# Favorite KK songs.



## Bleeborg (Mar 13, 2015)

I'm absolutely in love with KK Flamenco. What about you? What's your favorite KK song?


----------



## jobby47 (Mar 13, 2015)

I would say that my favorite K.K. song is K.K. Disco.


----------



## LaBelleFleur (Mar 14, 2015)

When I was a kid I loved Go K.K. Rider! 

Nowadays, I like Stale Cupcakes, Forest Life, and K.K. D&B.


----------



## Shimmer (Mar 14, 2015)

K.K. Stroll. 

Oh my gosh, it's so cute! <3


----------



## FrostyPaws (Mar 14, 2015)

Lucky K.K. Steep Hill, Stale Cupcakes and Only Me. I can't decide between them.


----------



## Bon Bonne (Mar 14, 2015)

I have 2 favoritest, being K.K. Western and K.K. Cruisin'...


----------



## tumut (Mar 14, 2015)

Forest Life, Space K.K., and Hypno K.K. All so relaxing.


----------



## cosmic-latte (Mar 15, 2015)

K.K. Synth!


----------



## bigger34 (Mar 15, 2015)

Forest Life and Stale Cupcakes. <33


----------



## infinikitten (Mar 15, 2015)

I like KK Synth, but I'm also digging the KK Etude / KK Sonata type ones too. I don't really like super upbeat music in my house, I like it chill~ but I don't have a stereo in every room so I've basically been listening to Stale Cupcakes over and over and over every time I come in the front door and damn if that doesn't get old after a while.
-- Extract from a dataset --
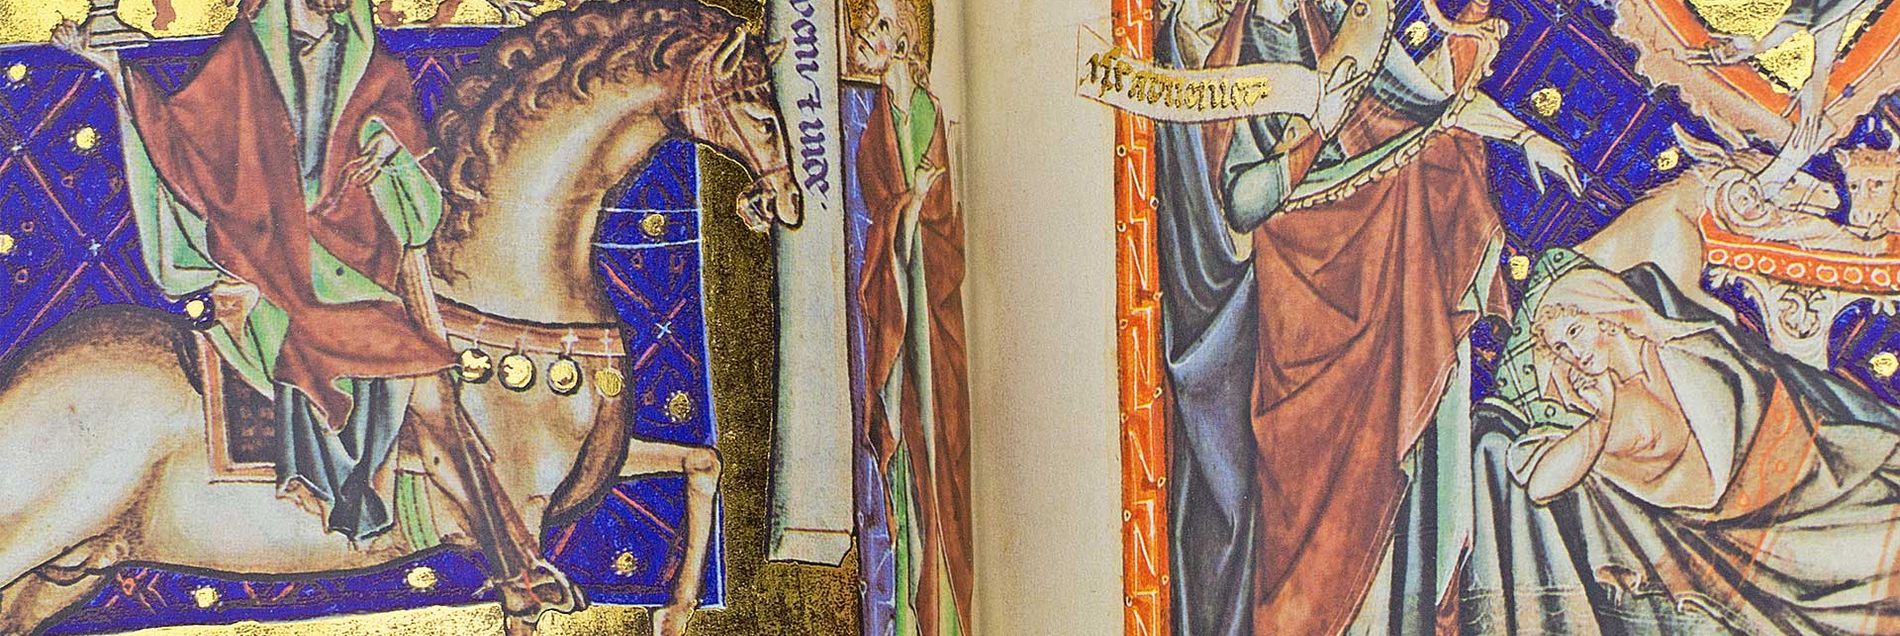 <i>“One of the most beautiful English Apocalypse manuscripts of the early Gothic period”</i>
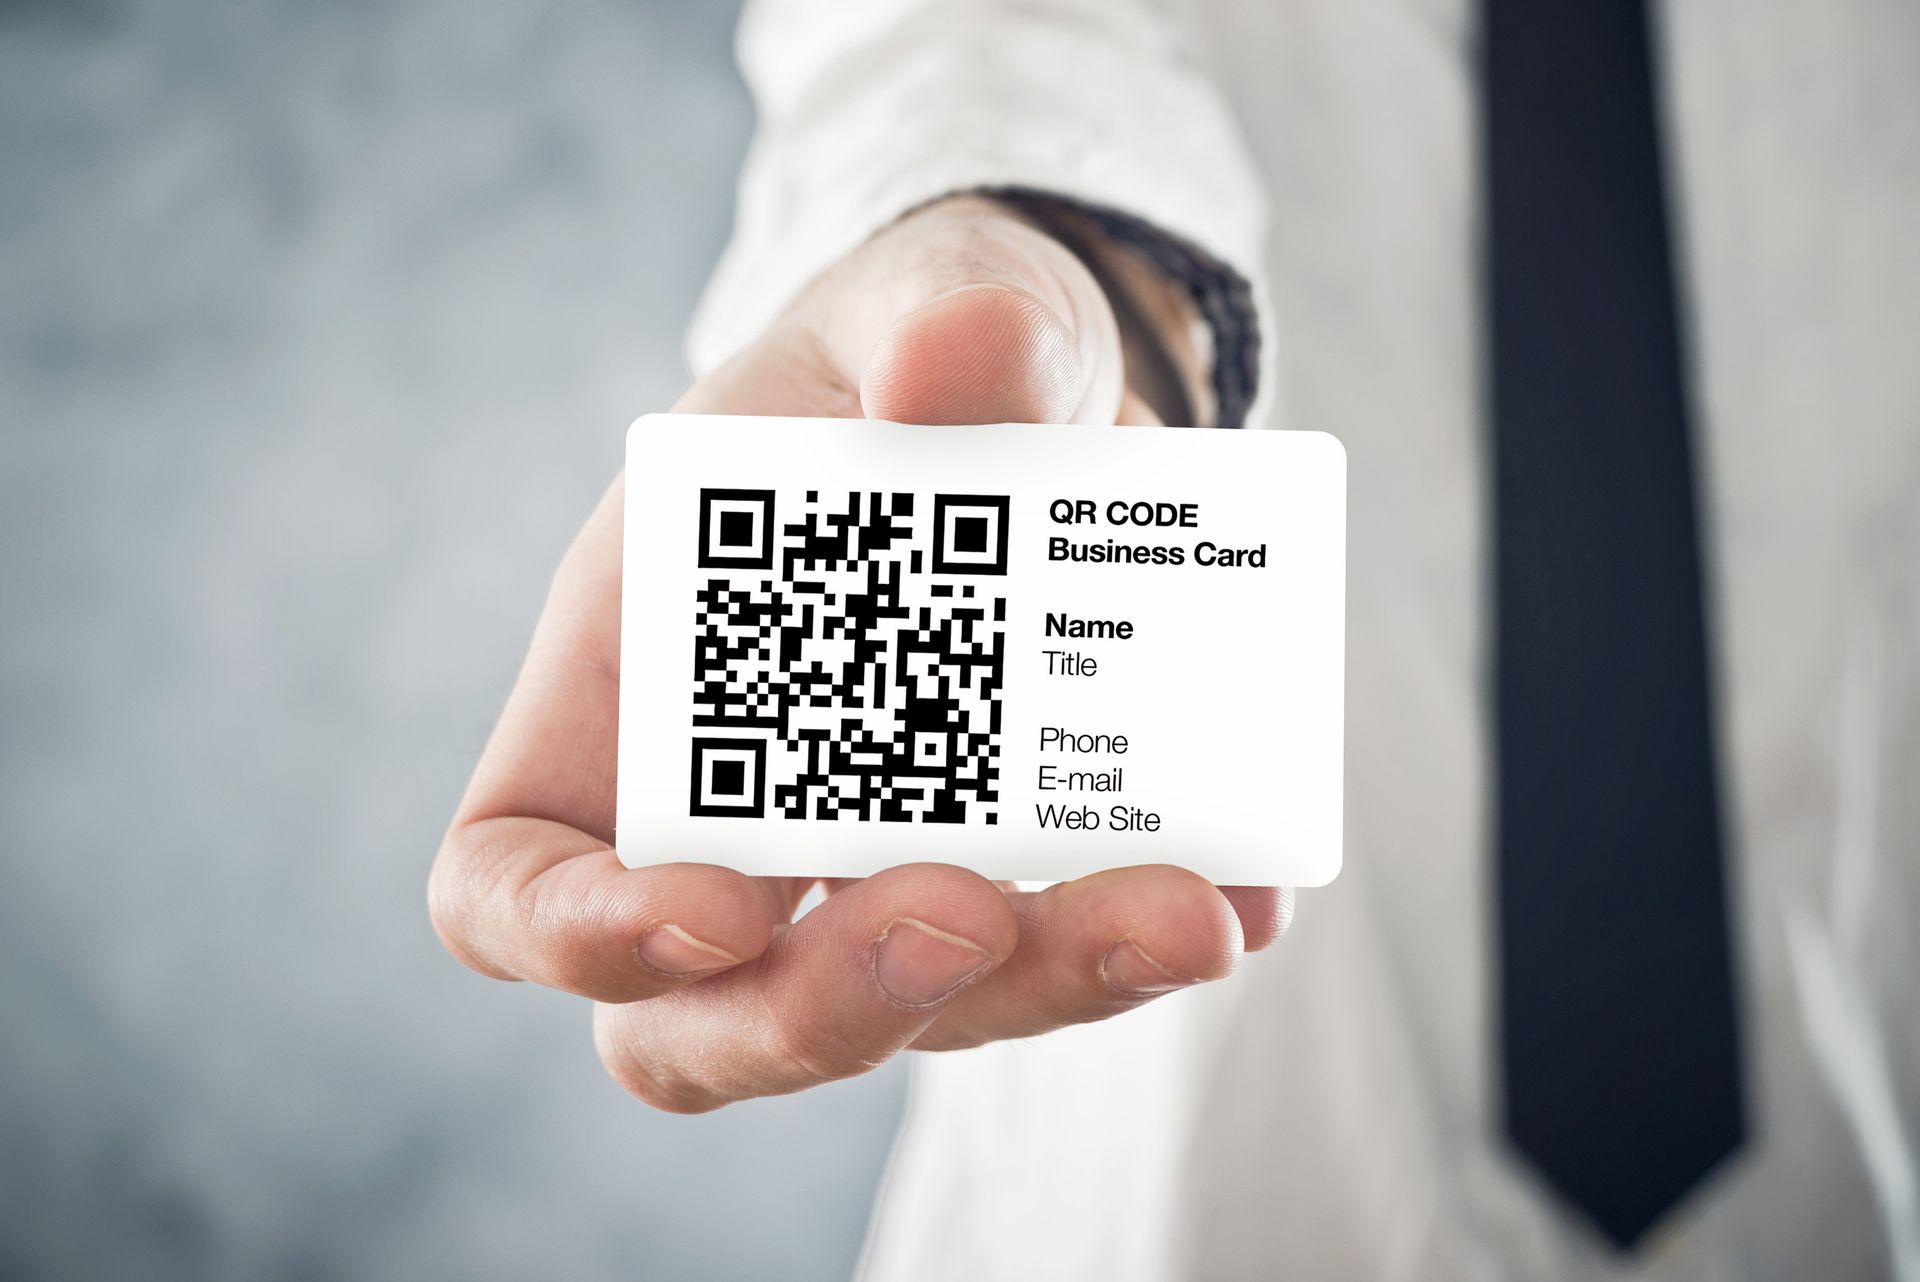 what QR code business card size fits you best

I love Marine Song 2001 (I think that's what it's called?) because I'm a sucker for all things nautical, and Forest Life is okay too... I think I need to actually hear all the songs before I can pick a favorite, but those are all ones I like a lot so out of what I've heard so far.


----------



## ThatLancer (Mar 15, 2015)

KK Bossa! Sonata, Stale Cupcakes, and Disco are close behind.


----------



## LunaTheCatopian (Mar 16, 2015)

The Mountain Song for sure. <3


----------



## Piyoko (Mar 17, 2015)

Marine Song 2001 and K.K. Cruisin are my two favourites.


----------



## Earth Wolf-Howl (Mar 17, 2015)

My personal favourite is Neapolitan. Whenever I hear it, I feel like I'm sitting in front of a fire on a cold winter's day. It was actually the song that made Erik one of my dreamies.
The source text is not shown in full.